Avec SolarStratos, Raphaël Domjan se prépare cette fois-ci à dépasser les 25.087 mètres d’altitude, record actuel pour un avion en vol. Pour y parvenir, il ne change pas de recette : son avion, avec lequel il effectue un premier vol d’essai mercredi, ne carbure qu’à l’énergie solaire. Interview.

Le Suisse Raphaël Domjan, pilote de l'avion solaire SolarStratos.
Le Suisse Raphaël Domjan, pilote de l'avion solaire SolarStratos. - @SolarStratos

On a beaucoup parlé de SolarImpulse et de son tour du monde bouclé cet été avec un avion à énergie solaire. Beaucoup moins de SolarStratos… Vous en souffrez ?
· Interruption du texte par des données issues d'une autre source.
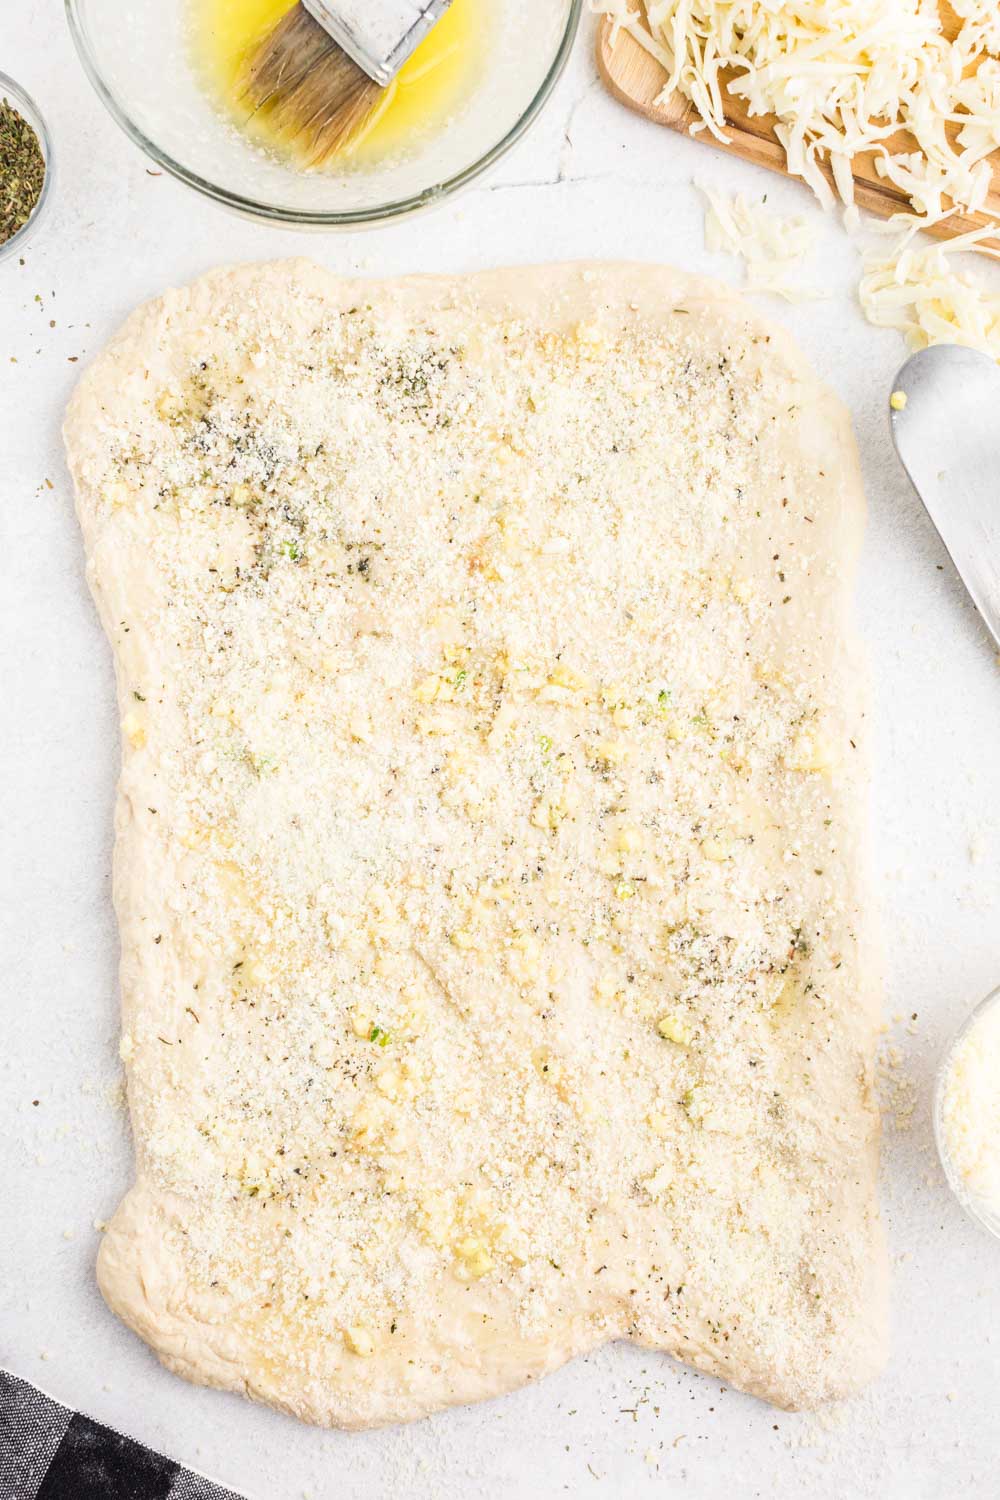 Rolled out bread dough topped with seasoning, minced garlic, melted butter, and grated cheese, on a white marble surface.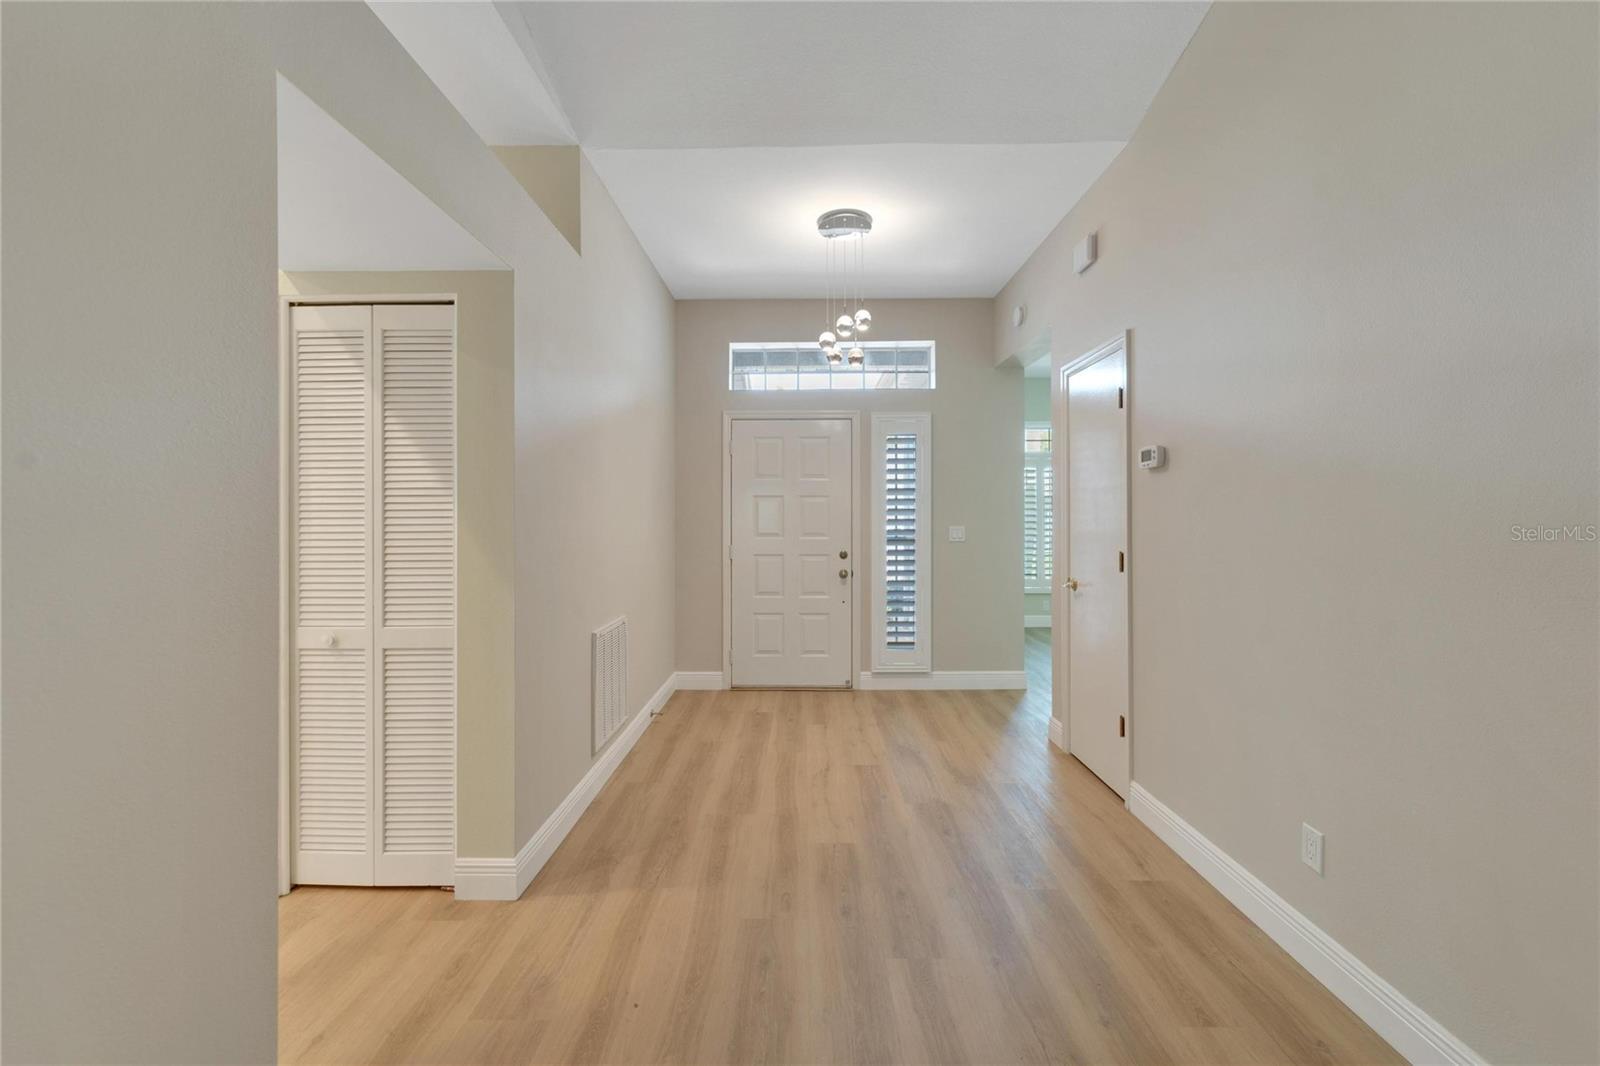 Foyer with LVP Flooring and spacious coat closet at entry

Pas du tout. Bertrand Piccard [le pilote de SolarImpulse] est un ami. Son projet était complètement fou, mais le nôtre est tout aussi ambitieux. Notre communication est pour l’instant modeste. Nous nous inspirons de la stratégie adoptée par Felix Baumgartner avec le projet Red Bull Stratos. Peu de médias avaient parlé de lui avant qu’il réussisse le plus haut saut en chute libre au monde en octobre 2012. Mais le jour J, il y avait beaucoup de monde devant l’écran.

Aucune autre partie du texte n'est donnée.